WHAT IS REQUIRED:
Although the material holds pictures, none belong in the copy; transcribe exactly, and only, the lines from the one with "Turnbull And Asser" through the end.

COLLECTED DATA below:

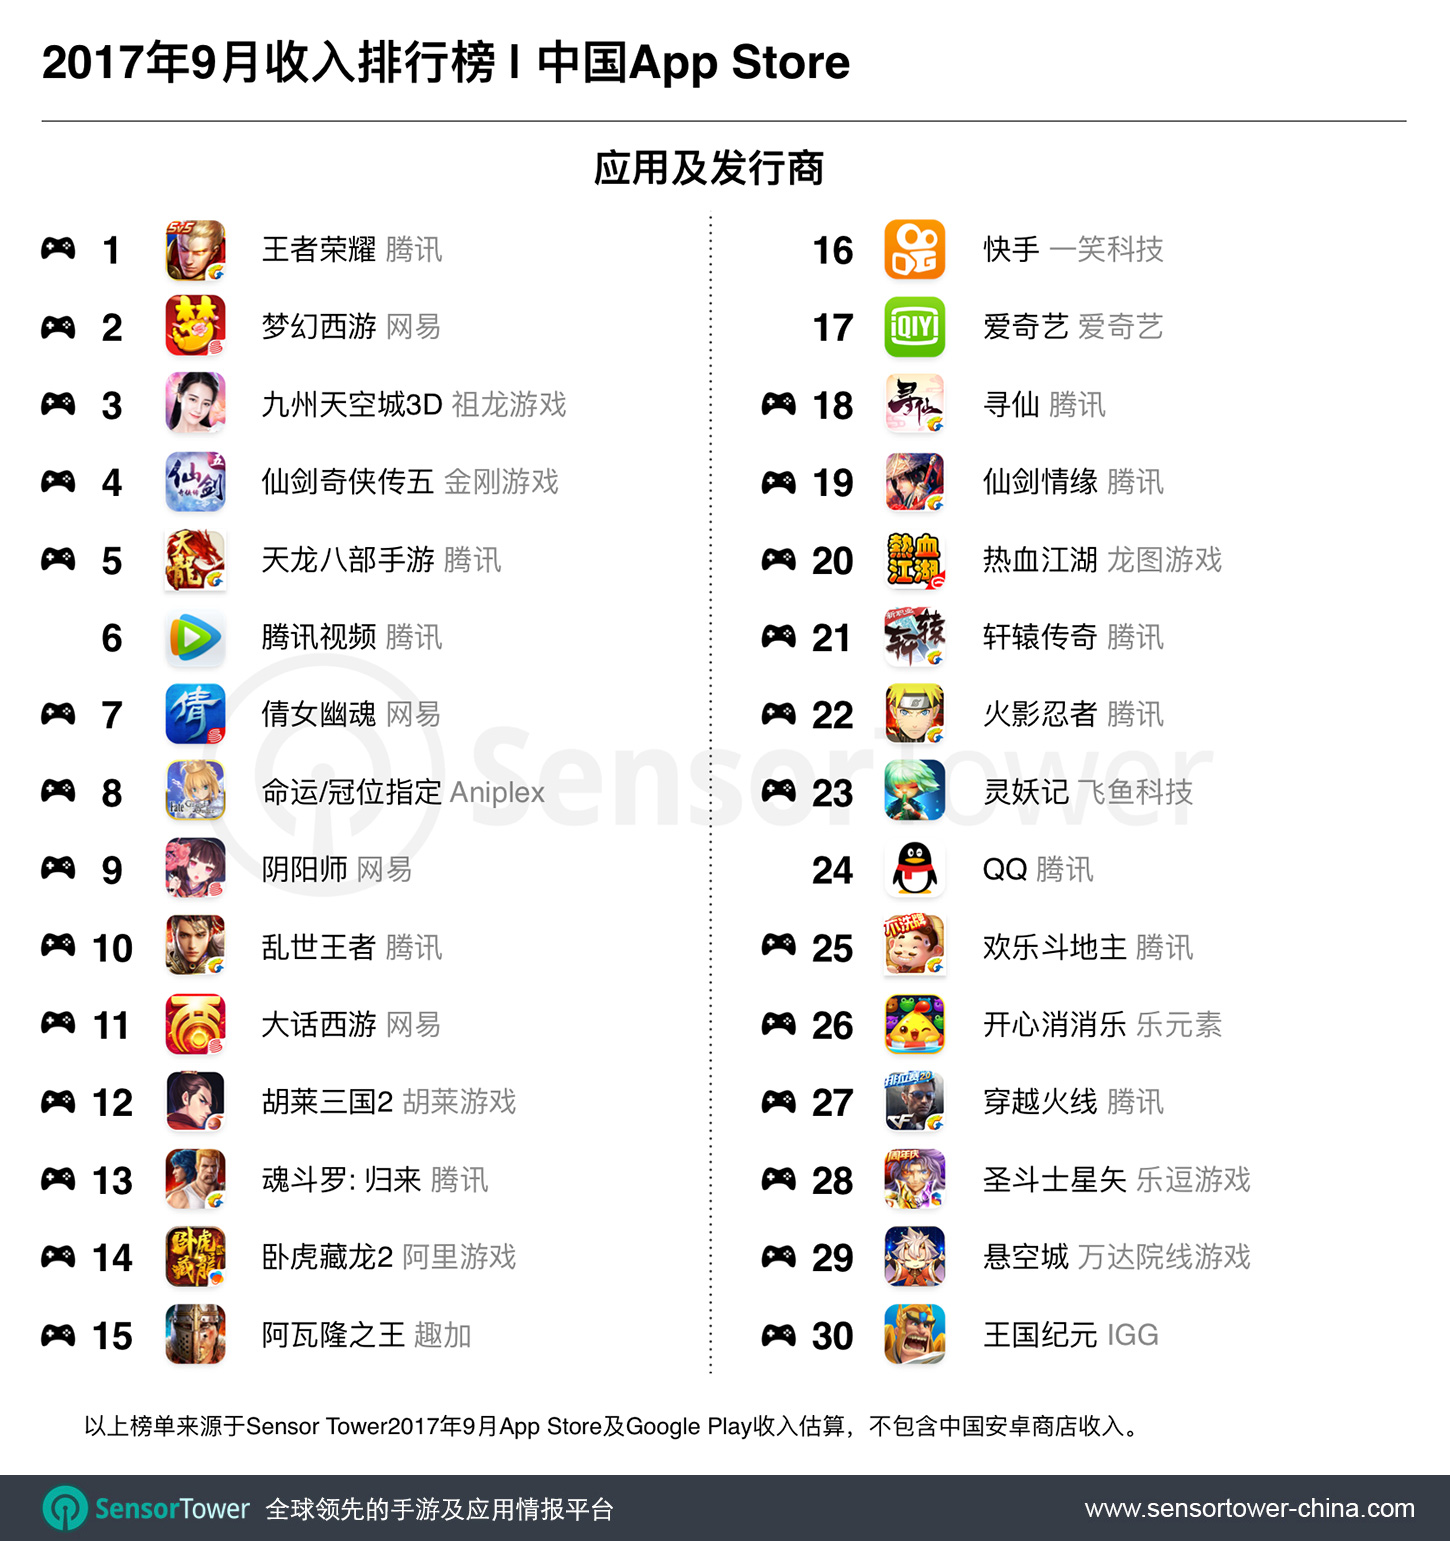 Chinese top 30 iOS apps by revenue for September 2017
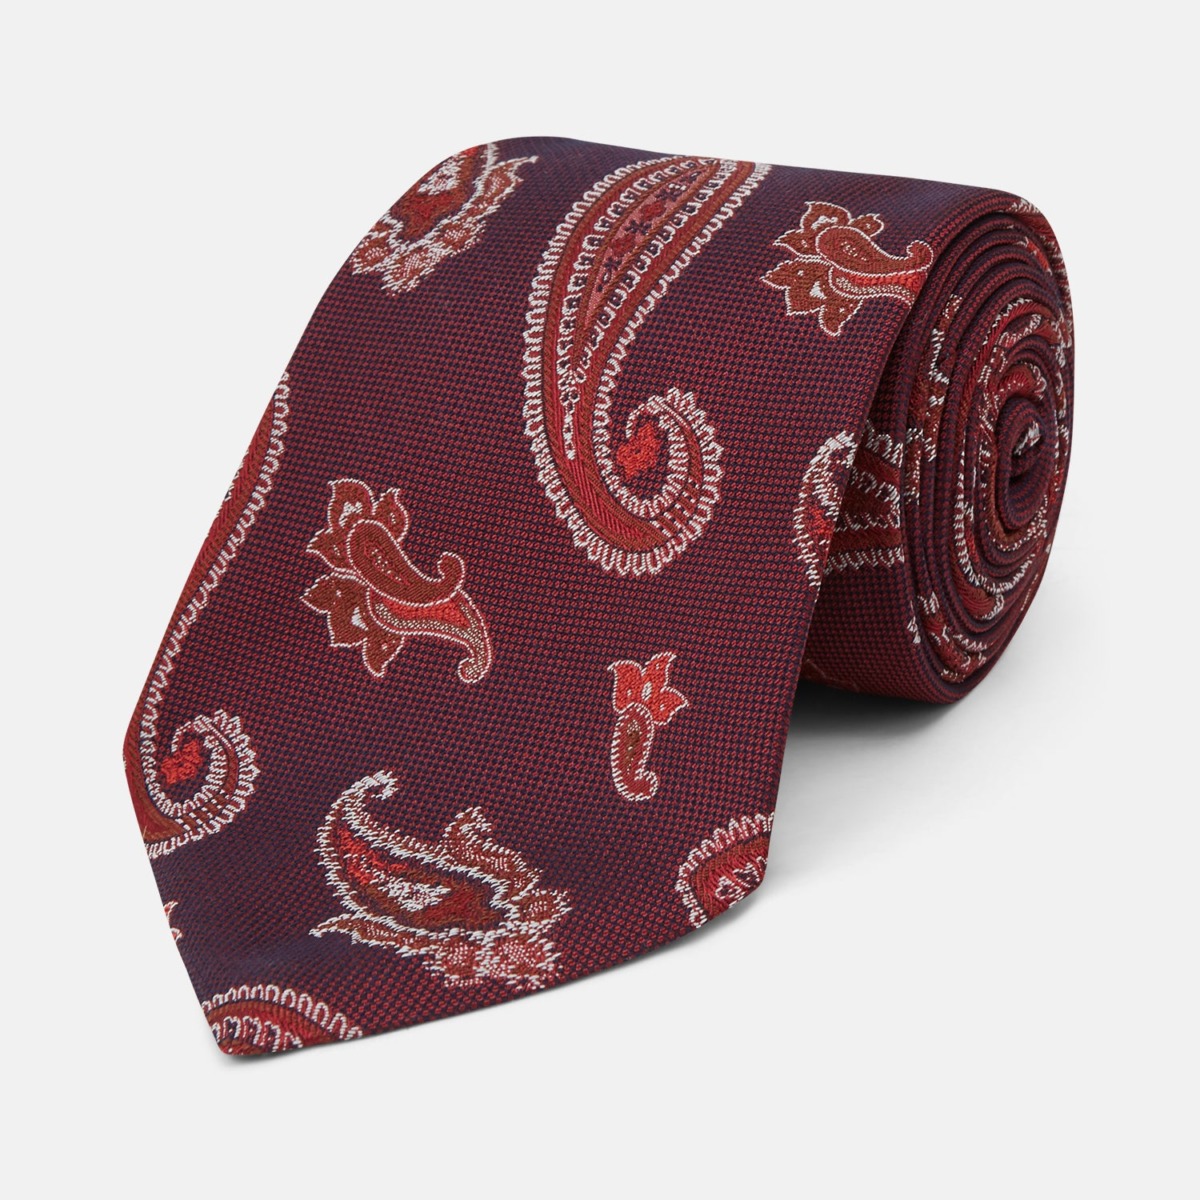 Turnbull And Asser Gent Tie in Burgundy GOOFASH
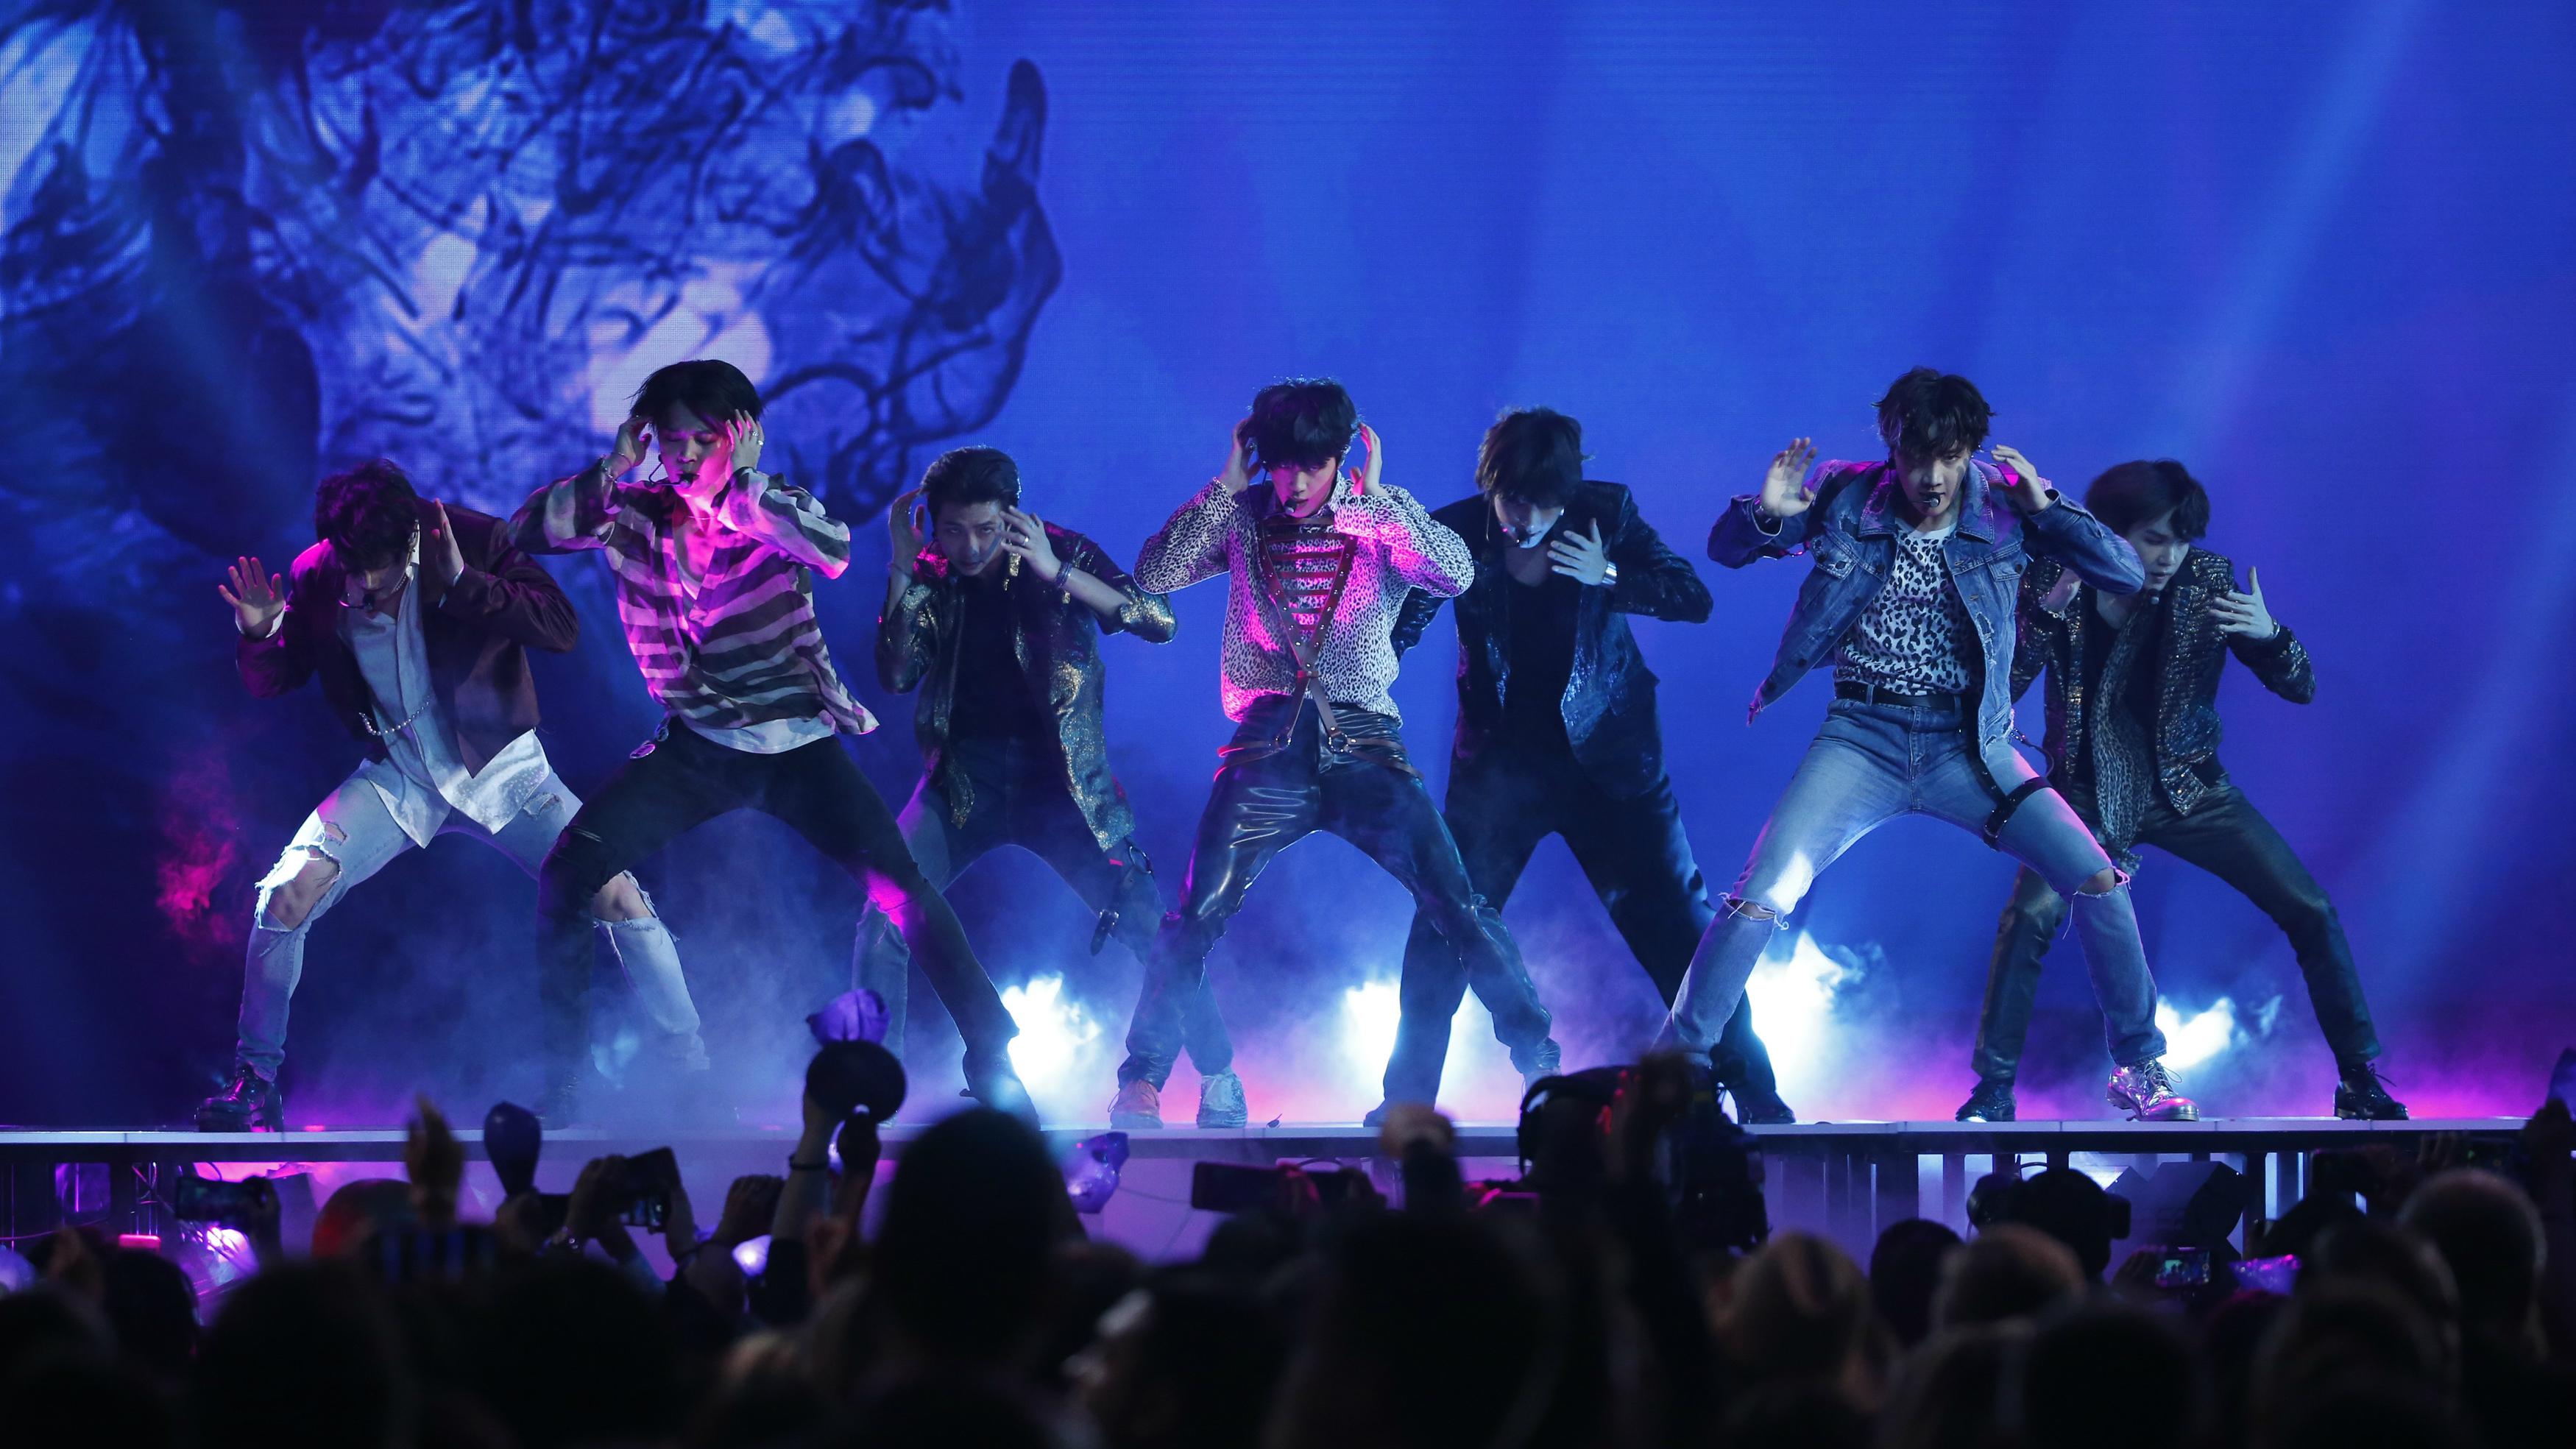 kpop live wallpaper,performance,entertainment,performing arts,stage,concert

End of COLLECTED DATA.

TASK OUTPUT:
 Turnbull And Asser Gent Tie in Burgundy GOOFASH
 kpop live wallpaper,performance,entertainment,performing arts,stage,concert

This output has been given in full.